I'm trying to do a bit of back-of-the-envelope stuff for a hypothetical slurry pipeline, but it's been a while since I've done any fluid mech./dyn., and I have no confidence in my numbers -- please jump in wherever you catch an error.

First of all, I'm making the assumption that a heterogeneous slurry still behaves according to the Darcy-Weisbach equation, and all of the associated paraphernalia. This might be shaky ground already, but bear with me..

The pipeline is to be in the order of 15 km long, with an internal diameter of, say, 0.9 m. I'm assuming a roughness of 0.025 mm (steel, right?), giving a relative roughness of 2.78E-5 (first sanity check: relative roughness has the 'units' of m/m, not mm/m, right?).

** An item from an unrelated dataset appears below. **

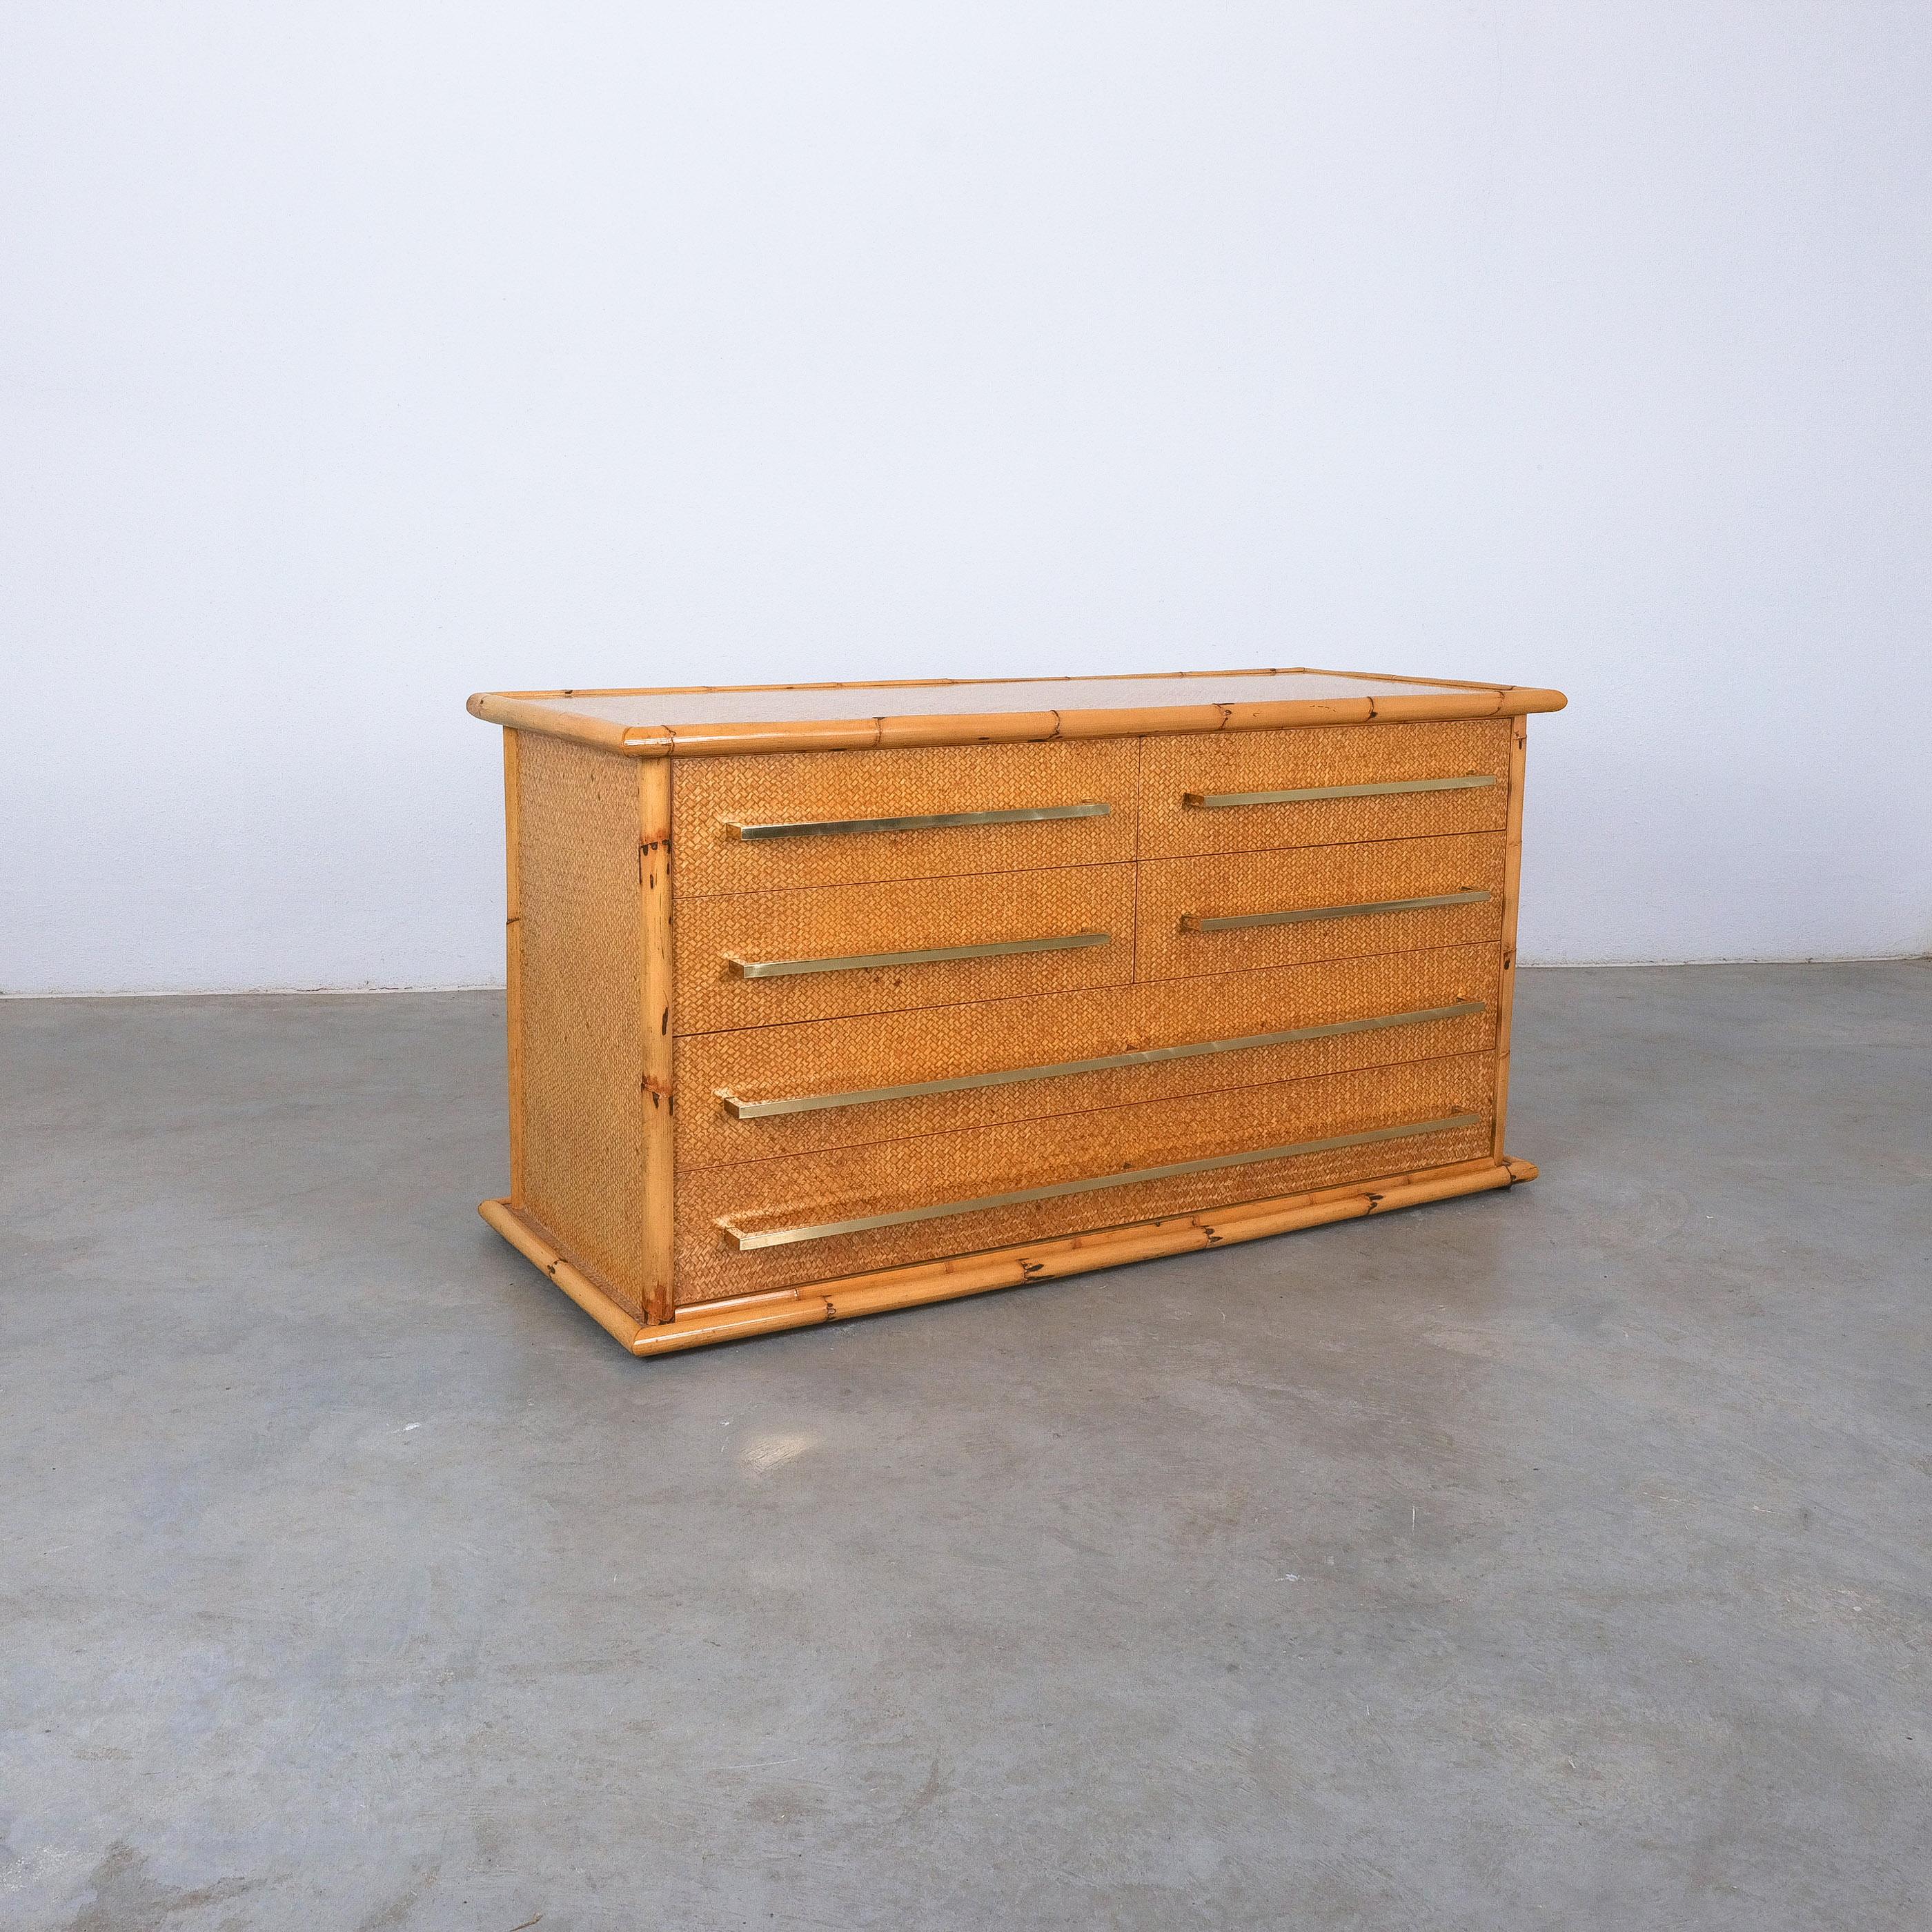 Bamboo Cane and Brass Commode Chest of Drawers by Vivai del Sud, Italy, 1975 For Sale 2

Continuing, I've taken the density of solid phase as 2000 kg/m3. With 1 part solid to 0.8 parts water, I get a slurry density of (1*2000 + 0.8*1000) / 1.8 = 1555.56 kg/m3.

Here's where things start to go really bad, because I've got no idea what the viscosity of the slurry is. As a sanity check I've started with that of water: 8.9E-4 Pa.s. All of this gives me a Reynolds number in excess of 5E10 -- way off the end of Wikipedia's Moody Diagram. Assuming those lines just go horizontal, drawing a line across to the left gives a friction factor of -- for the sake of nicety -- 0.01.

Finally, putting it all back into D-W, I get ... over 500 km of head. Well then.

Rukt.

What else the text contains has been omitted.